Abstract

The habitability of icy environments may be limited by low temperature, low nutrient concentrations, high solute concentrations and the physical ice matrix. The basal ice of ice sheets and glaciers contains sediments that may be a source of nutrients for microbial activity. Here we quantify microbial respiration and active cell populations of Antarctic glacial isolates Paenisporosarcina sp. B5 and Chryseobacterium sp. V3519-10 in laboratory ices with abundant nutrients at temperatures from -4°C to -33°C. At all temperatures, initial high rates of metabolism were followed by lower rates suggestive of a non-reproductive metabolic state such as maintenance or dormancy.
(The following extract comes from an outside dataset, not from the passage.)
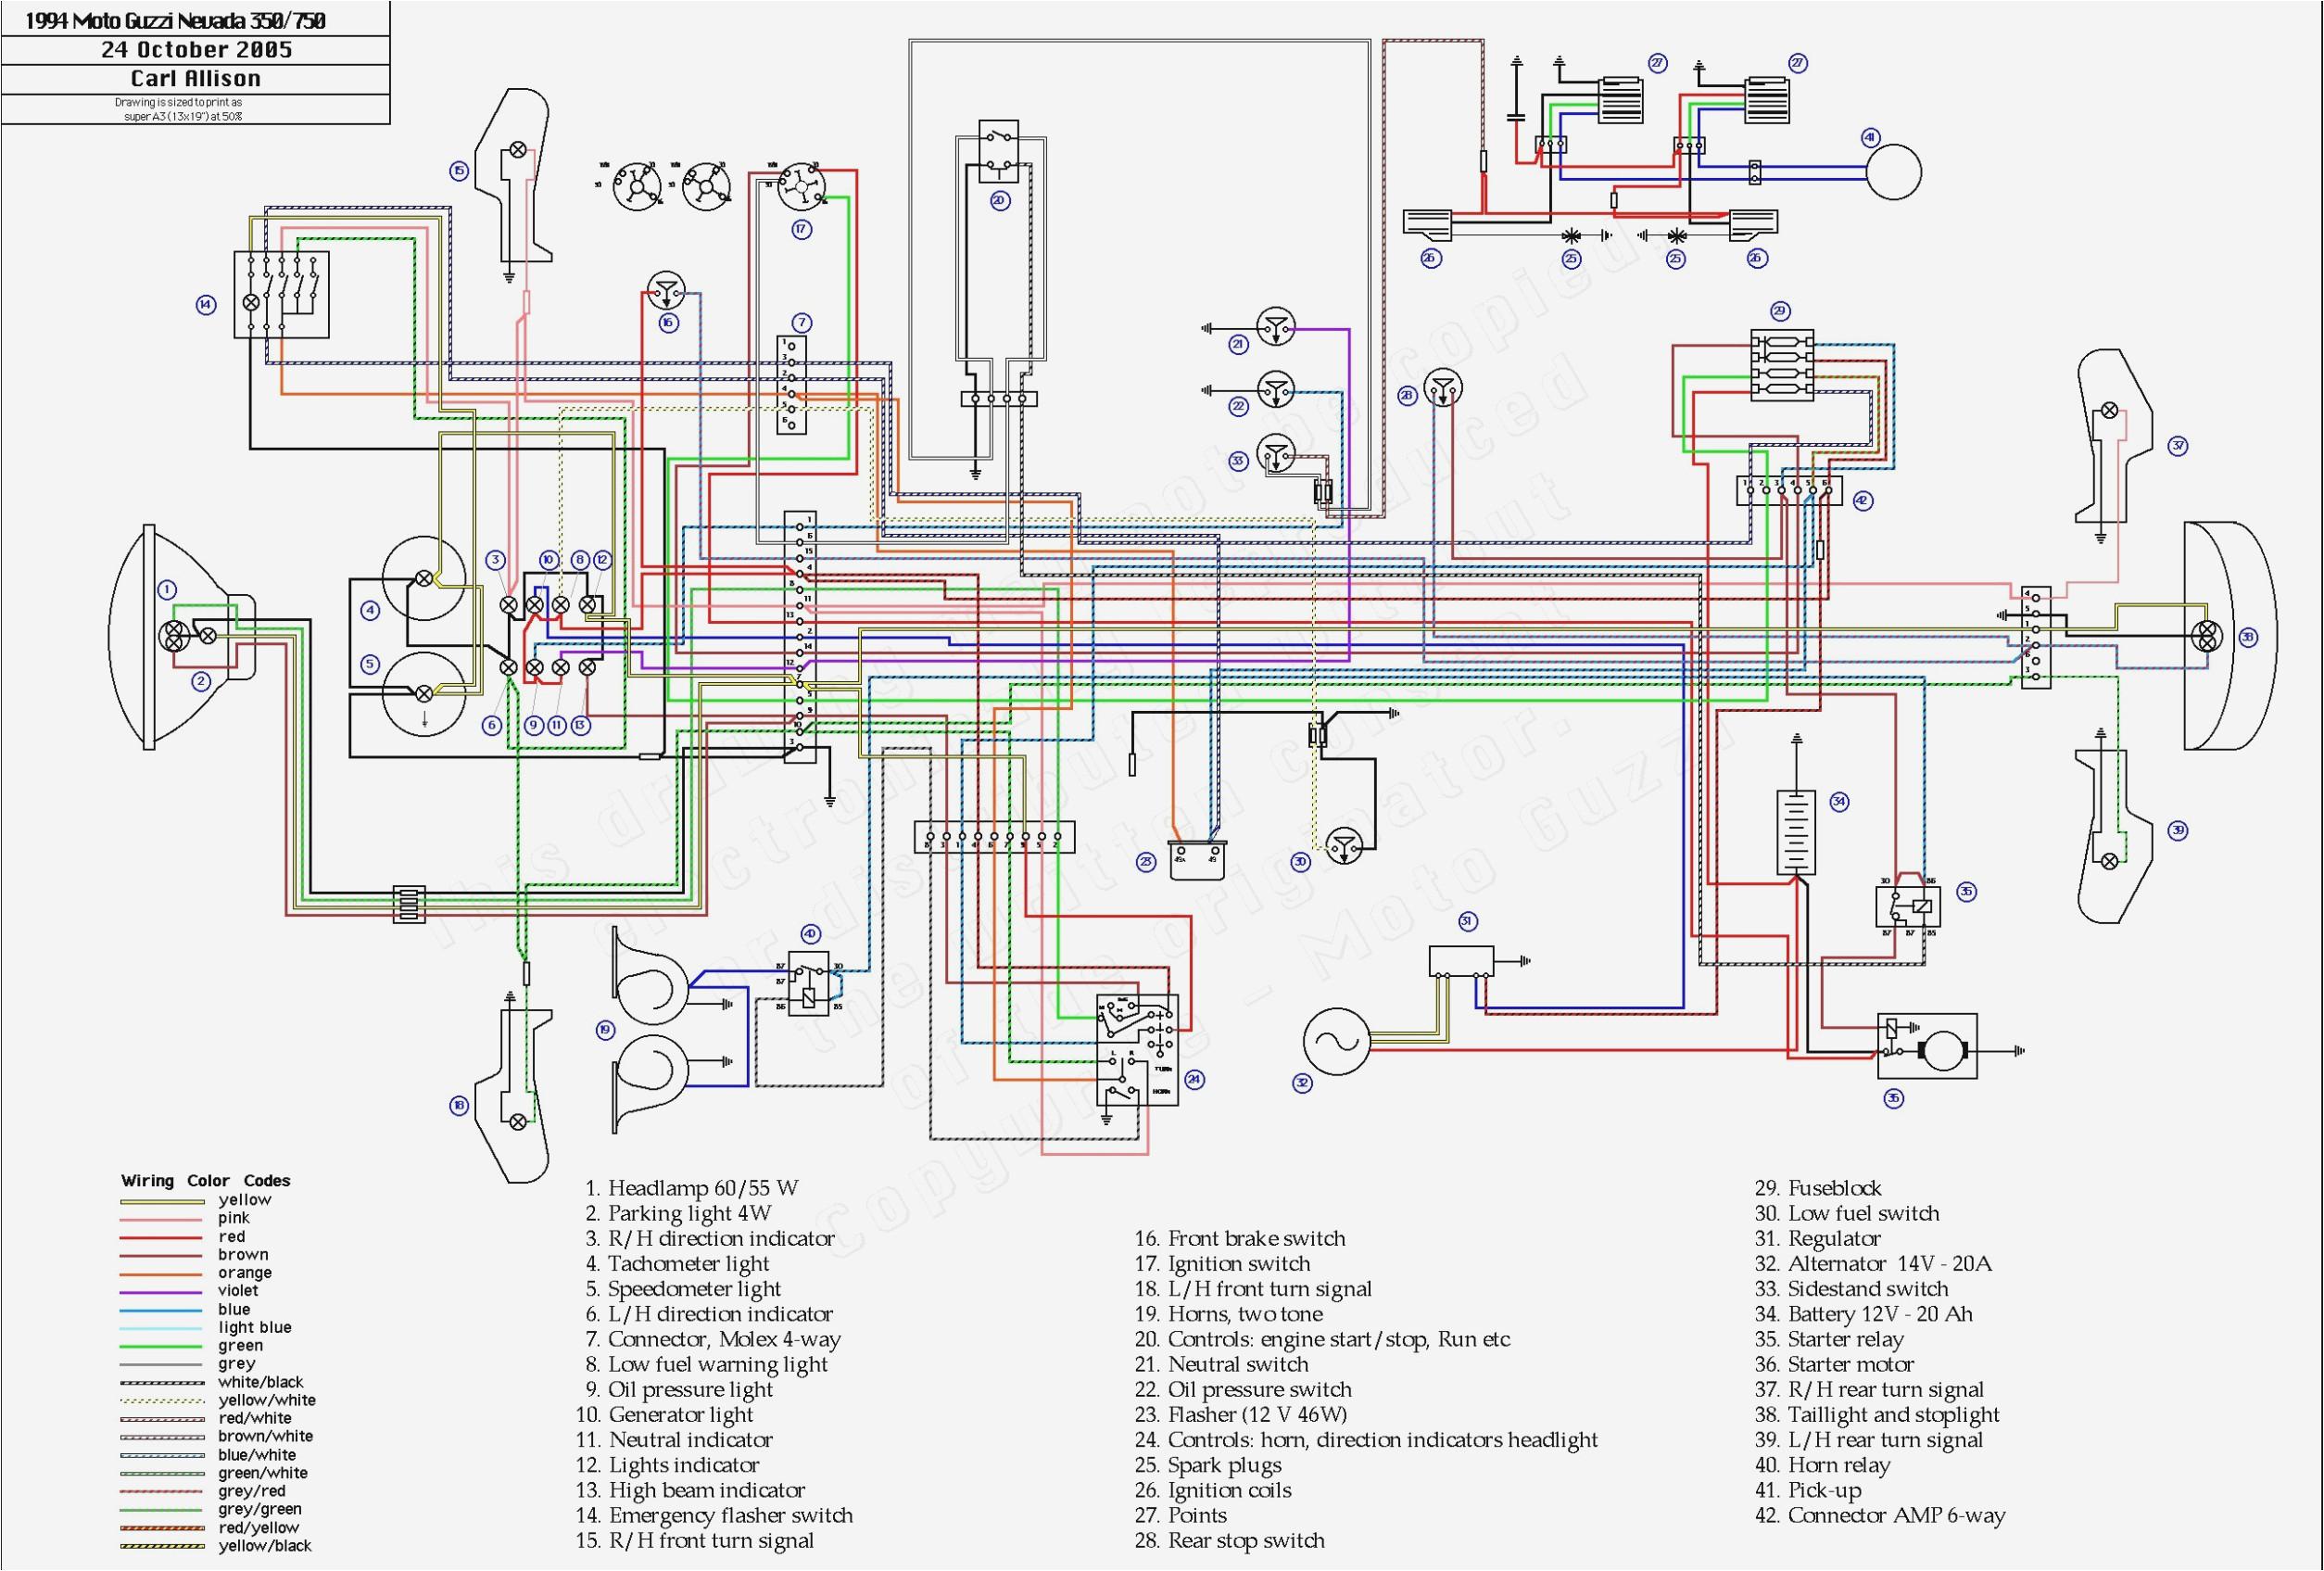 150 yamaha etlf wiring harness wiring diagrams konsult 150 yamaha etlf wiring harness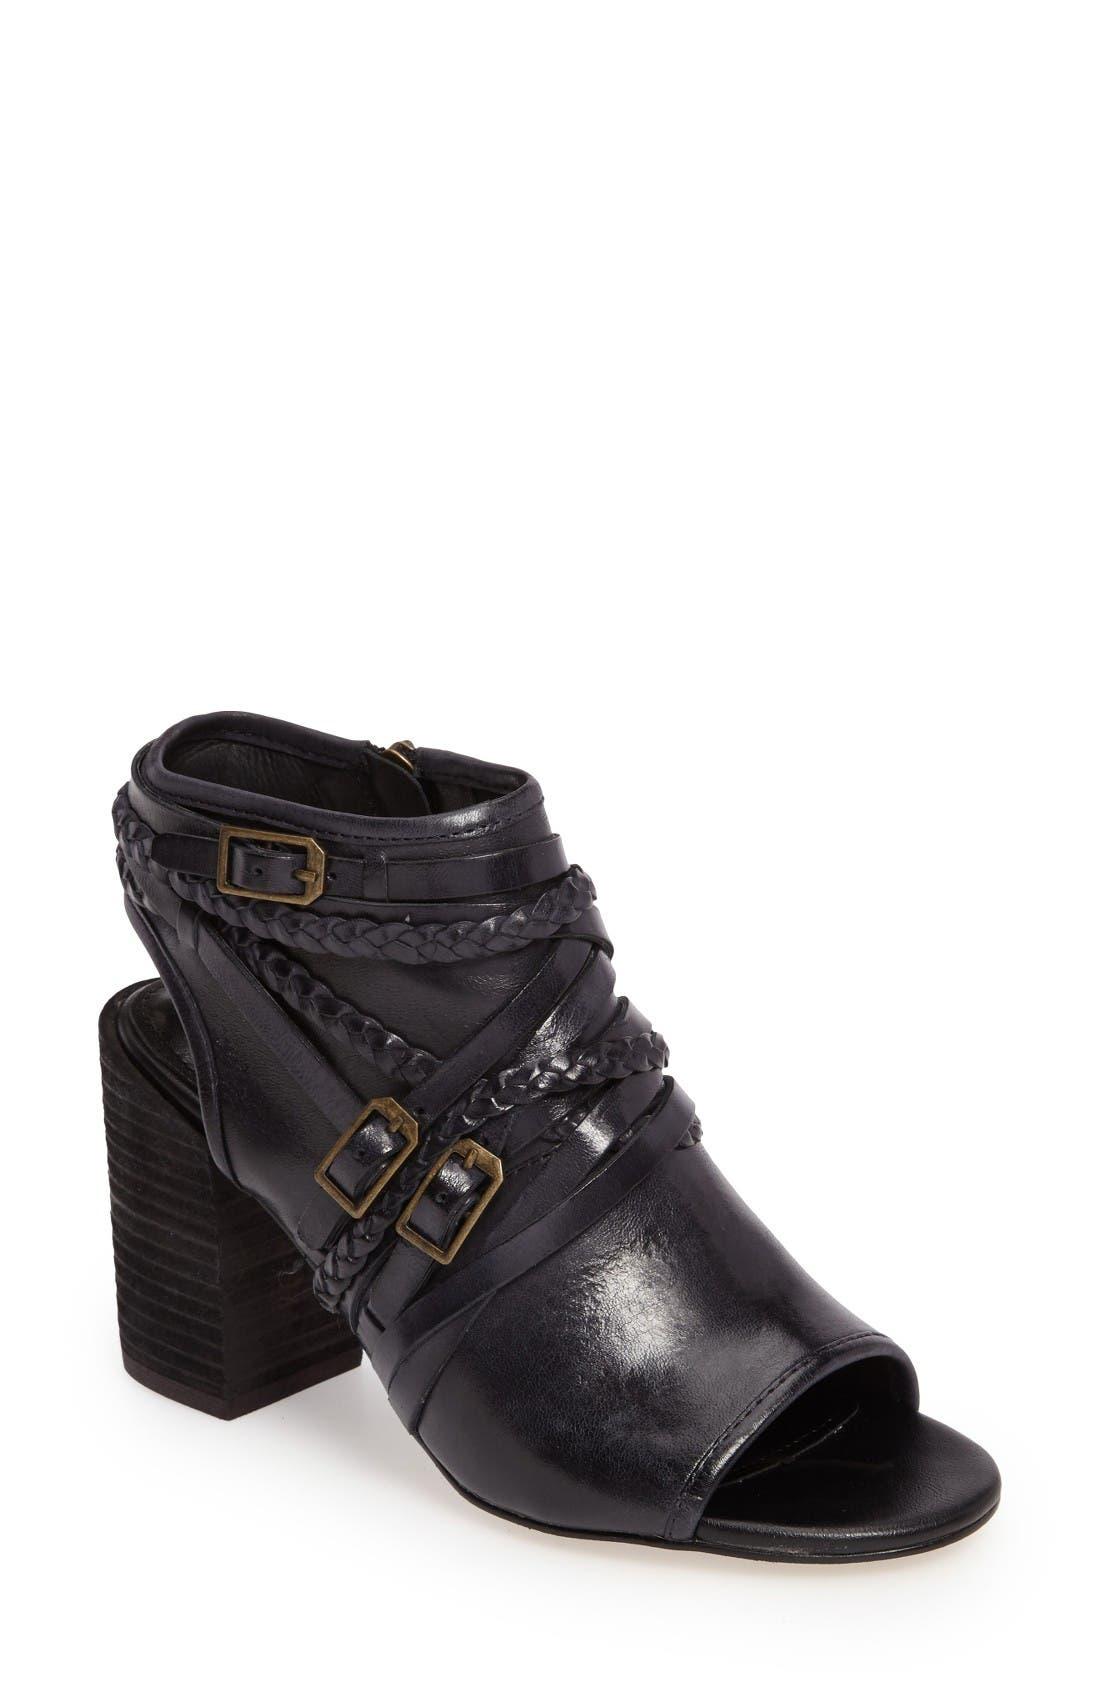 Alternate Image 1 Selected - Isolá Leonora Strappy Block Heel Sandal (Women)

Metabolism was sustained by viable cells as quantified via culturability, CTC reduction and LIVE/DEAD staining. Respiration rates based on active cell populations did not correspond to rates representative of reproductive growth from the literature, but suggested lower levels of metabolism. Our data demonstrated that bacteria actively respired acetate in polycrystalline ice with abundant nutrients despite low temperatures and the physical ice matrix. Our results suggest that the debris-rich basal ice that exists at temperatures just below the freezing point and underlies portions of both the Greenland and Antarctic ice sheets represents a significant potential habitat for metabolically active microbial communities.